Work required – Exactly as written, please repeat the data that follows, but not the pictures.

Stored data –
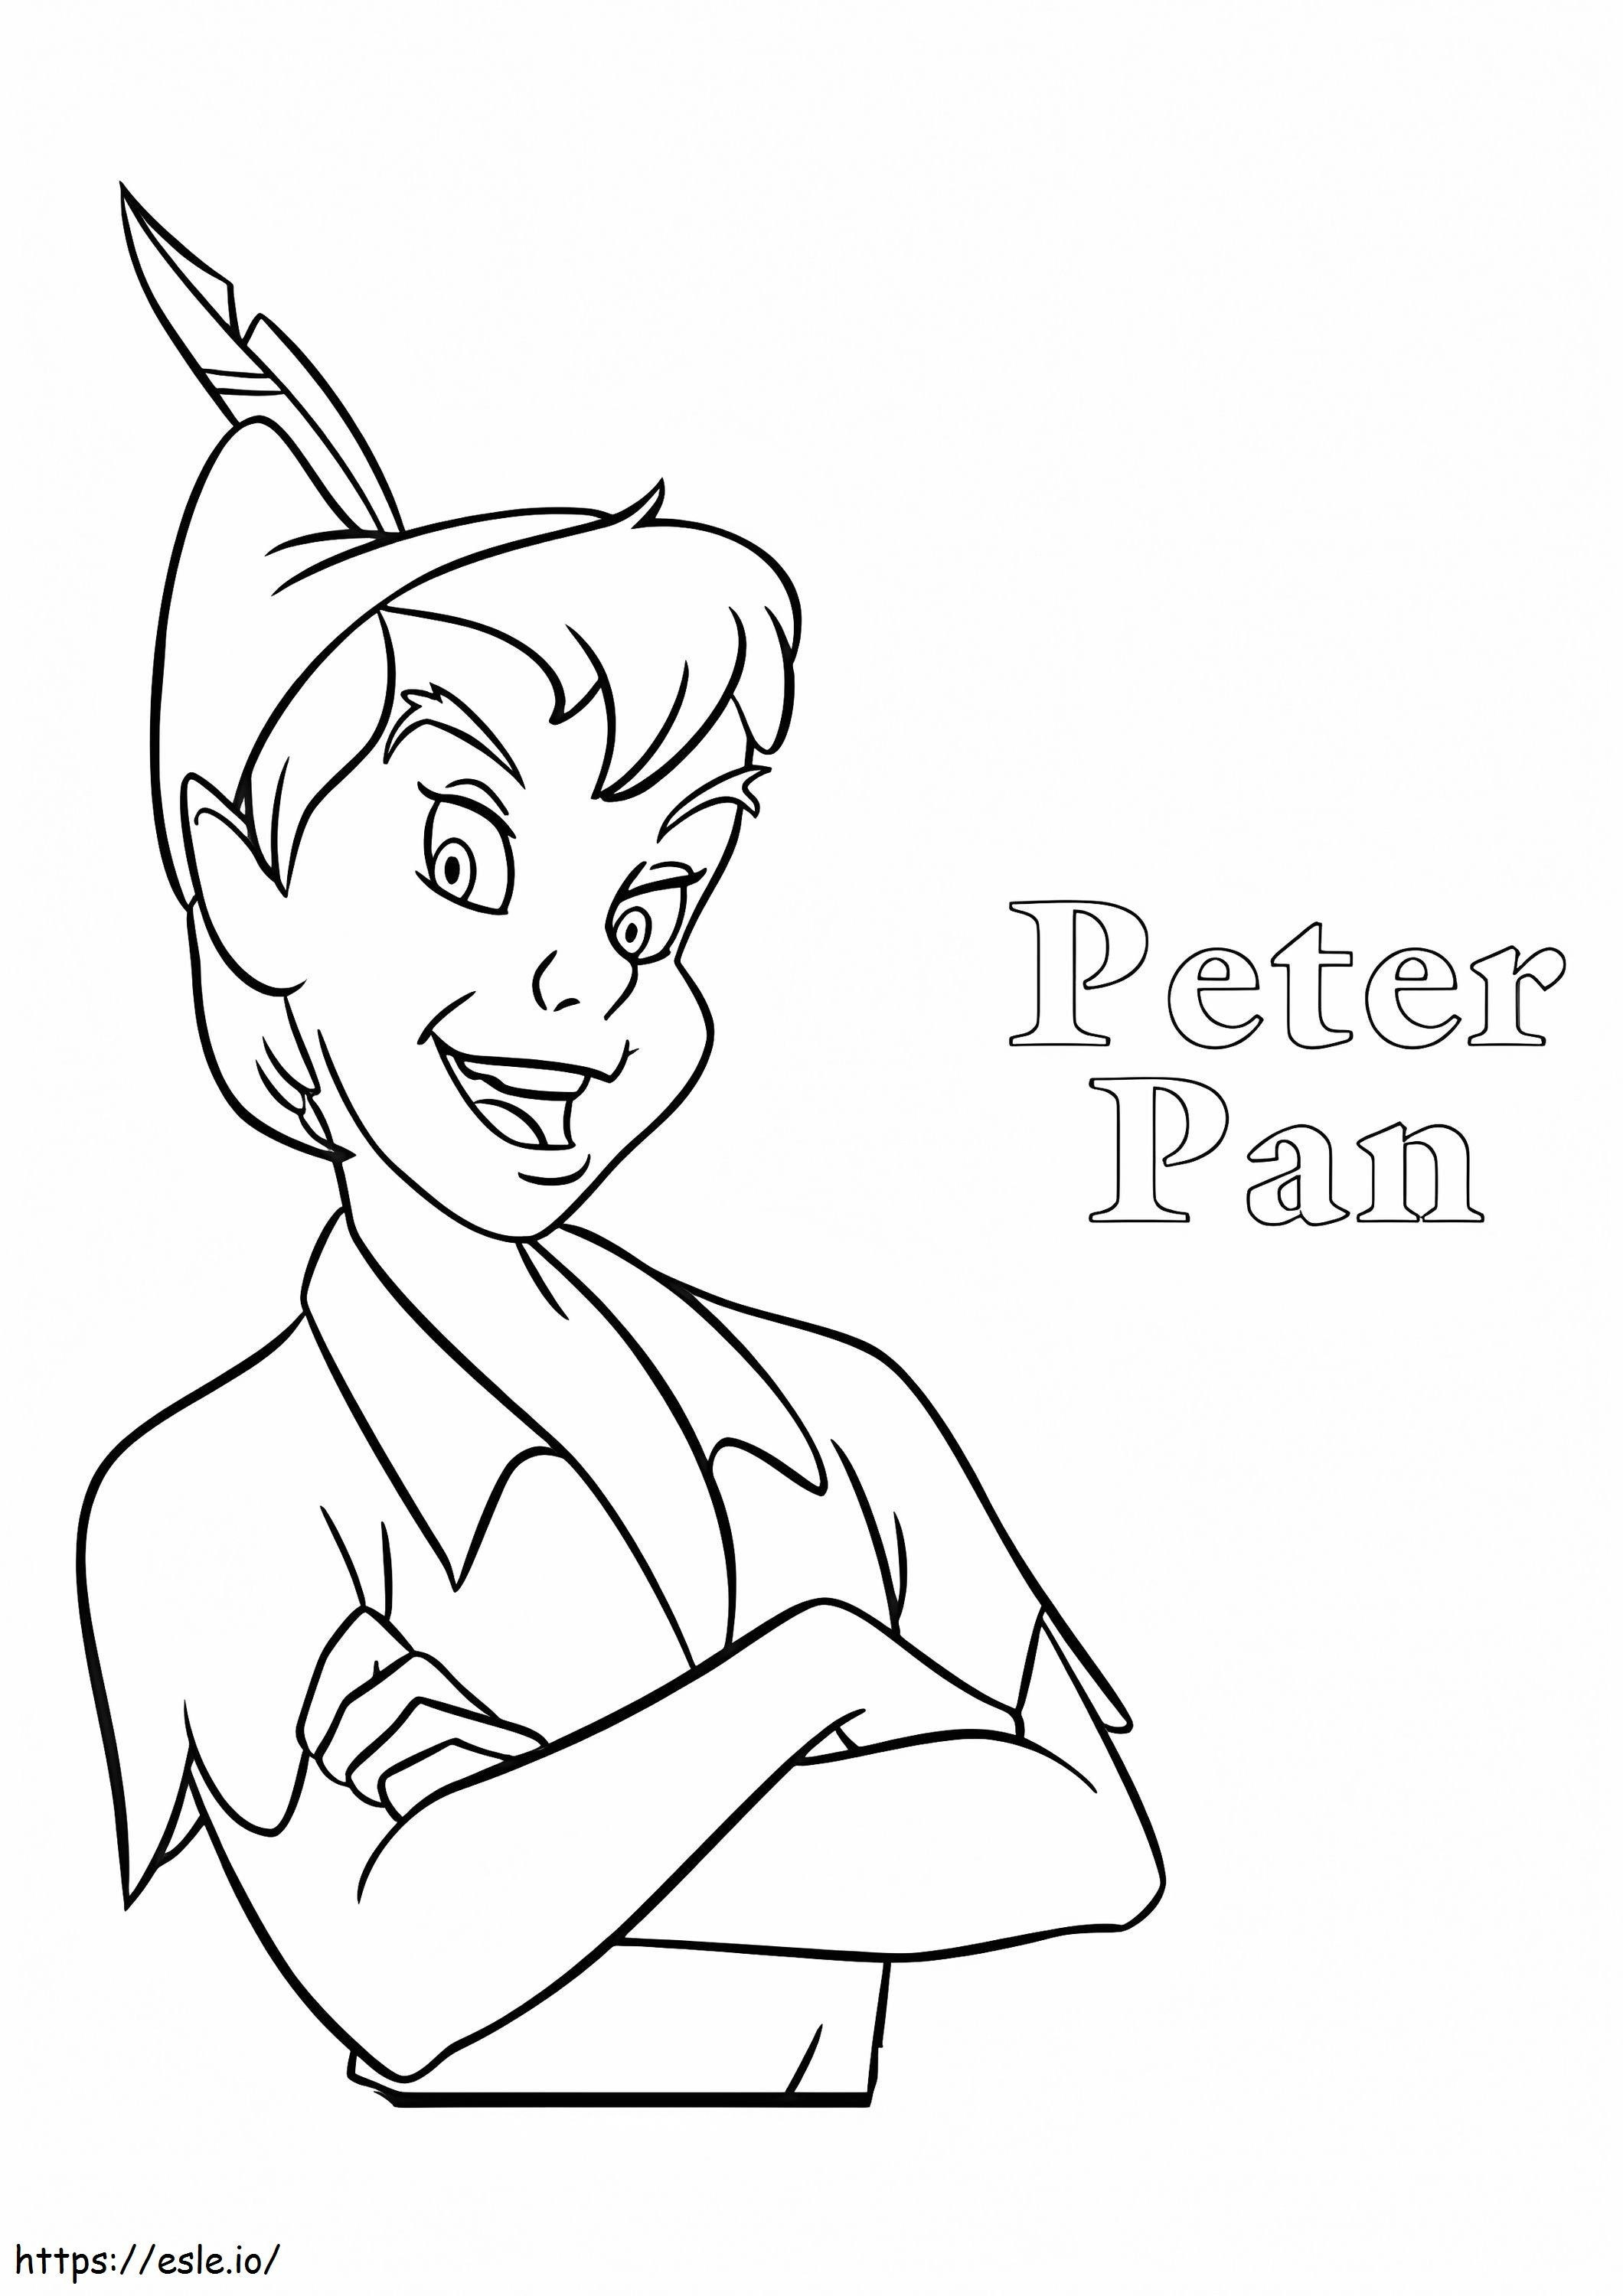 The Peter Pan Close Up A4 coloring page
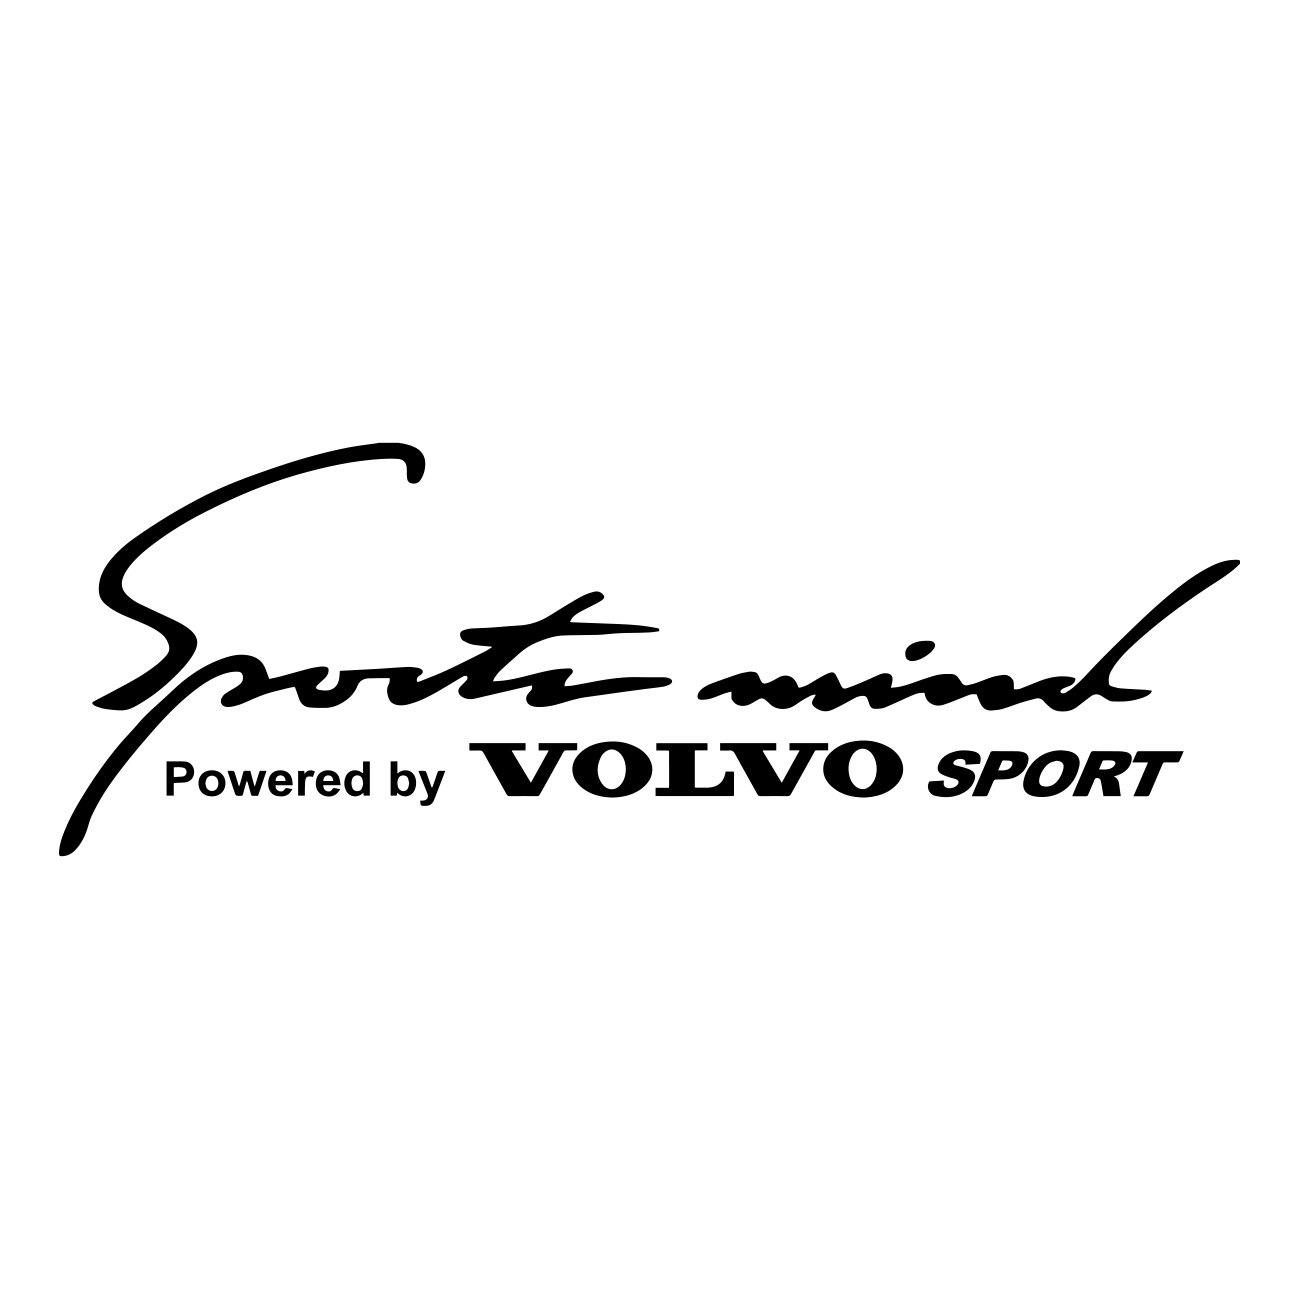 sports mind powered by volvo sport
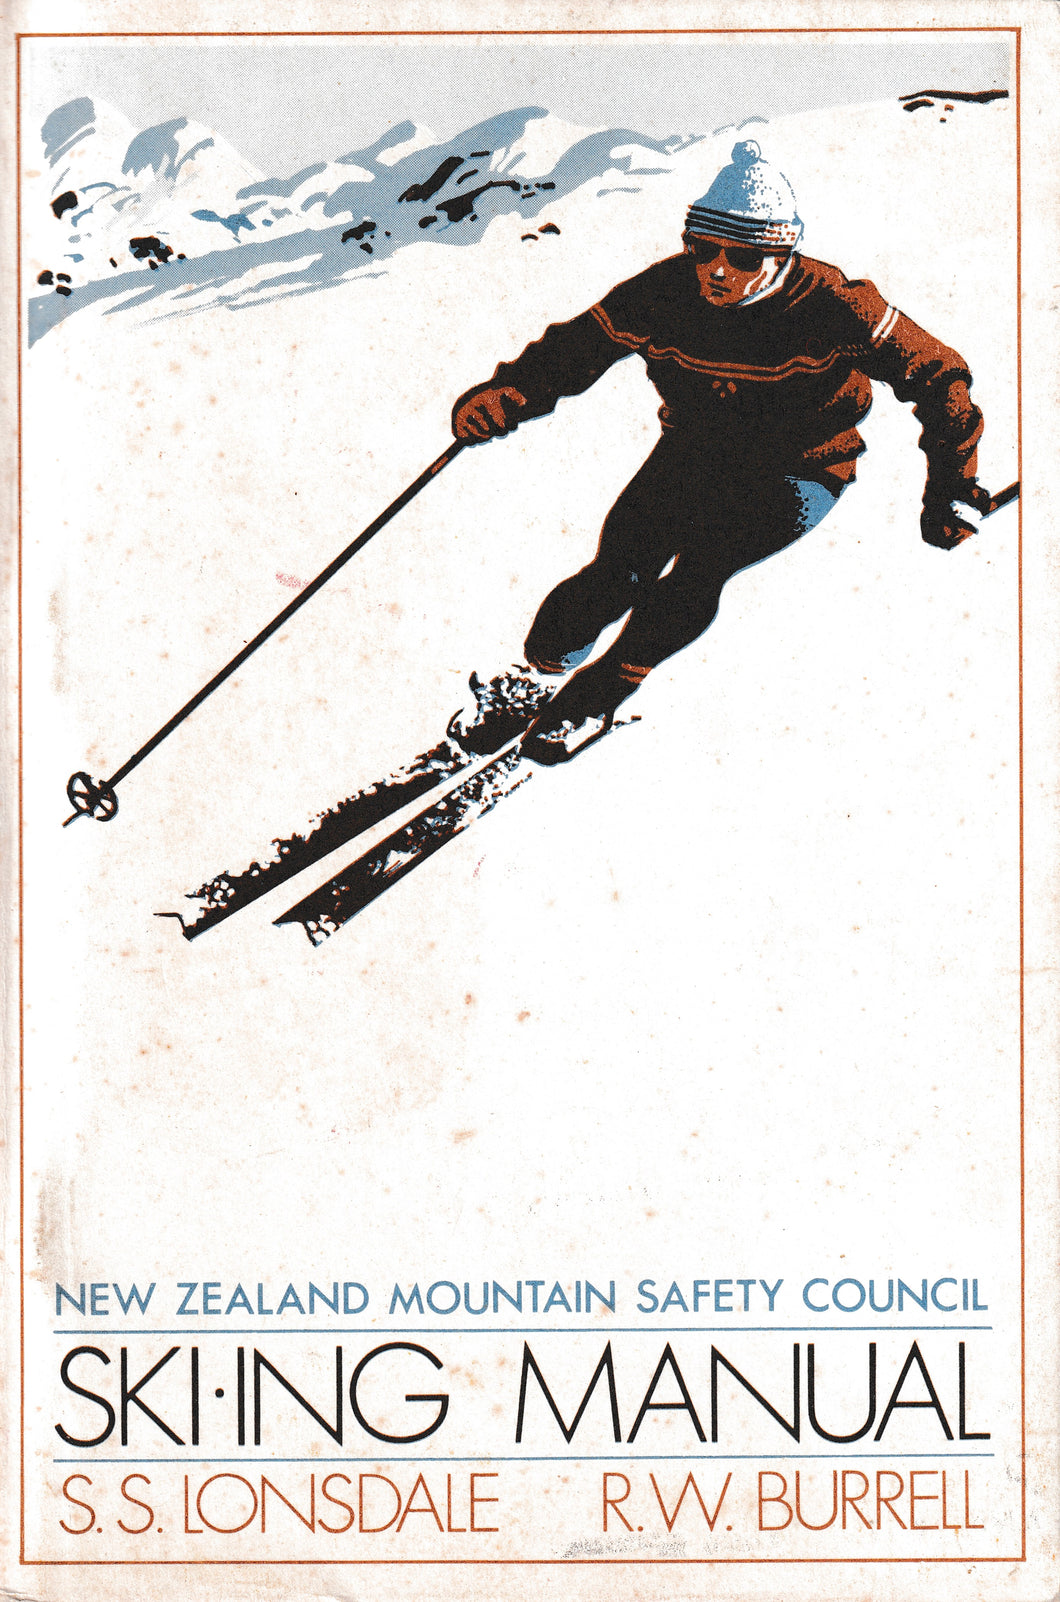 Skiing Manual | S.S Lonsdale & R.W. Burreall

Answer below –
 The Peter Pan Close Up A4 coloring page
 sports mind powered by volvo sport
 Skiing Manual | S.S Lonsdale & R.W. Burreall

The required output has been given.